Chile’s frontrunning center-right presidential candidate, Sebastian Pinera, on Monday unveiled a $14 billion, four-year spending plan focused on proposed reforms to the country’s tax and pension systems and new investments in infrastructure and hospitals.

The former president, who governed from 2010 to 2014, said he would pay for his proposals by cutting “unnecessary” government spending and simplifying the tax code to encourage investment and boost growth and the country’s coffers.

Recent opinion polls show Pinera, 67, with a wide lead over his seven rivals in the Nov. 19 first-round election. Pinera would also beat his two closest contenders, leftists Alejandro Guillier and Beatriz Sanchez, in a runoff if no candidate receives at least 50 percent of the vote, according to pollster CEP last week.

Guillier, the frontrunner on the left, has yet to put a price tag on his proposals, which track the policies of outgoing center-left President Michelle Bachelet. Sanchez has proposed a $13.4 billion plan of deeper social and economic reforms, paid for in part by a tax on the “super-rich.”

The 67-year-old Pinera, a billionaire who has campaigned on a program of fiscal austerity, is benefiting from disenchantment with Bachelet, whose program of progressive reforms coincided with a downturn in the price of copper, which can account for as much as 15 percent of gross domestic product in Chile, the world’s top producer.

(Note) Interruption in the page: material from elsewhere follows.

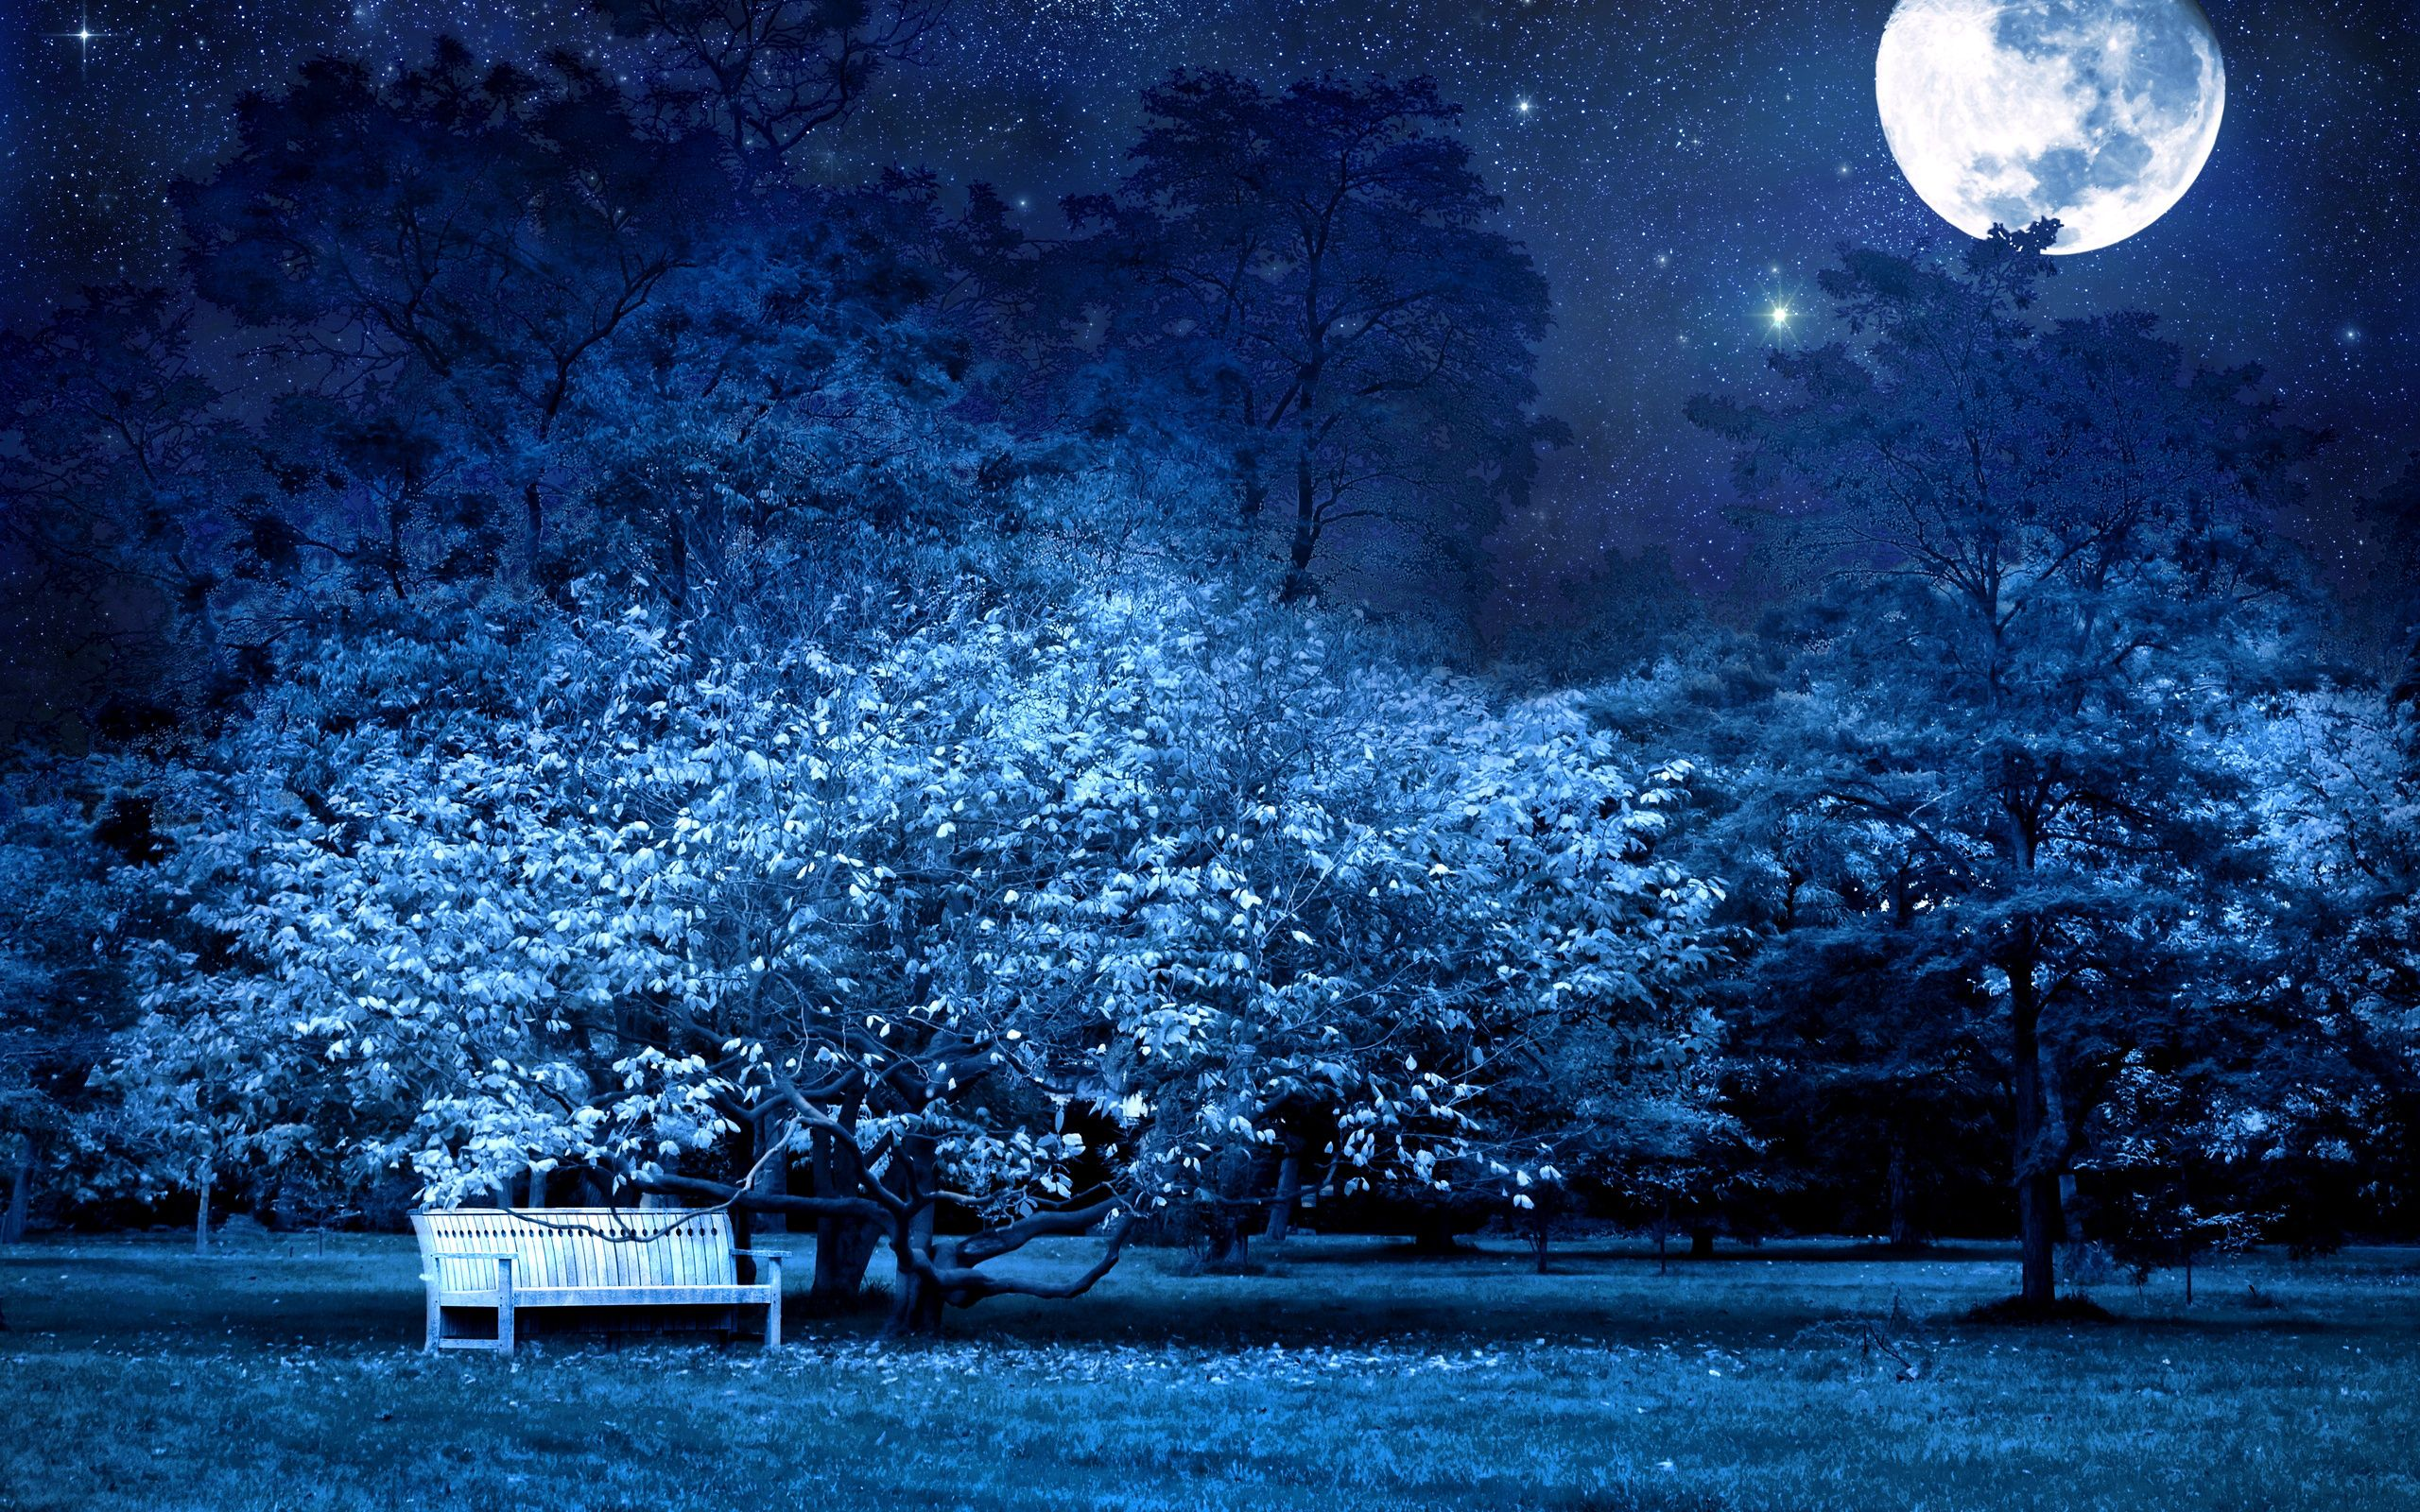 Wallpaper Nature Park Night Moon Tree Bench Secret

“Half of the financing for my program will come from reallocations drawn from ineffective government programs … and a reduction of unnecessary spending in the public sector,” Pinera said in a 124-page paper detailing his proposals.

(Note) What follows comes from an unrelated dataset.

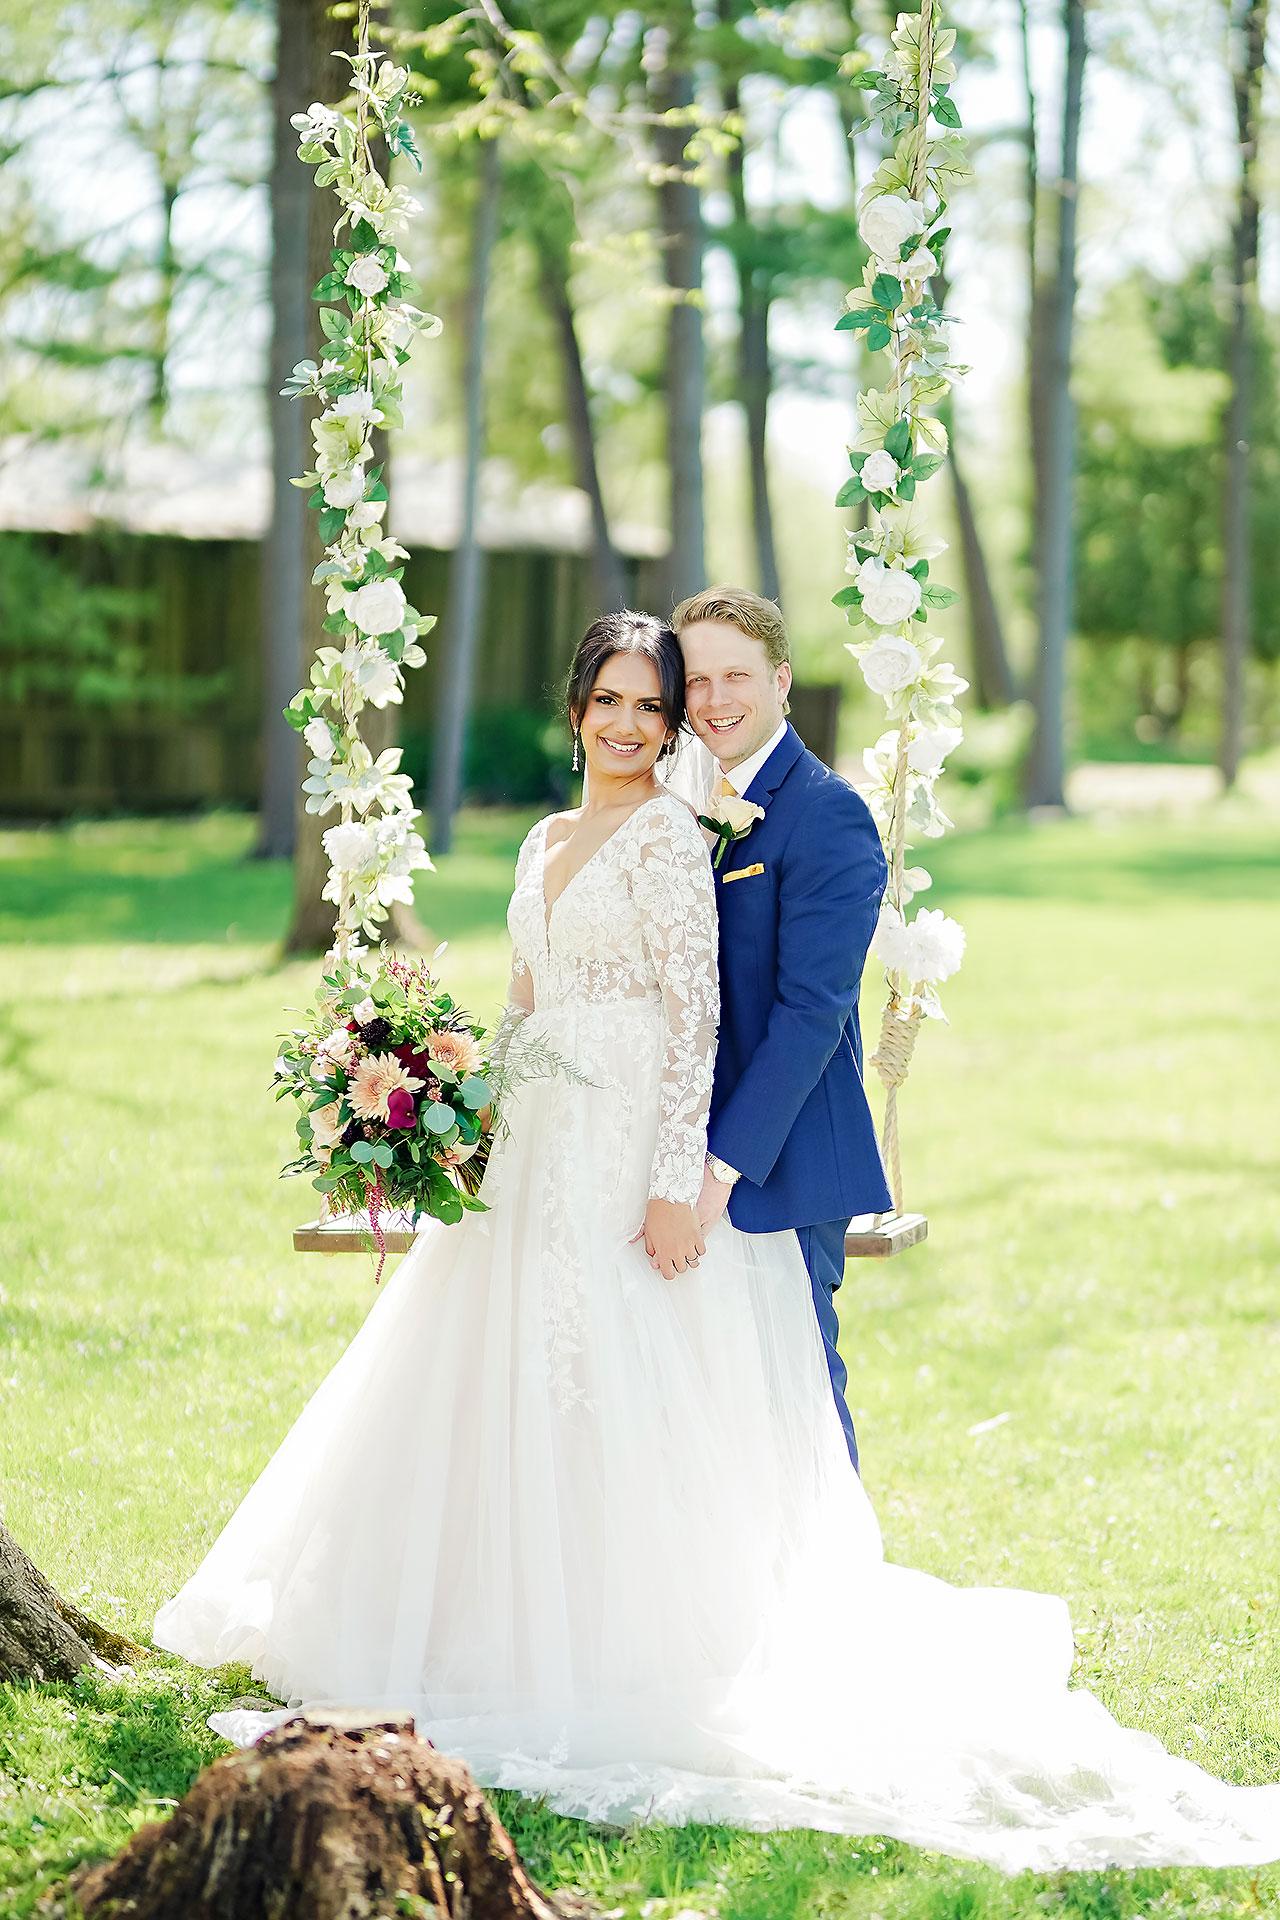 Nadia Parker Black Iris Estate Carmel Indiana Wedding May 2021 088

Pinera’s plan to reform the pension system would cost about $3 billion and include new subsidies to raise pensions for women and the middle class, as well as incentives to encourage workers to retire later, Pinera said in the document.

The current retirement system, introduced in the 1980s during Augusto Pinochet’s dictatorship, was historically seen as a model by many economists, but it has been criticized in recent years on a number of fronts, including what many see as insufficient payouts.

Pinera, a businessman-turned-politician, has also called for a $2.7 billion overhaul of Bachelet’s tax reform, to provide “more certainty and incentives for saving and investment,” as well as $3 billion of investment in hospitals and infrastructure.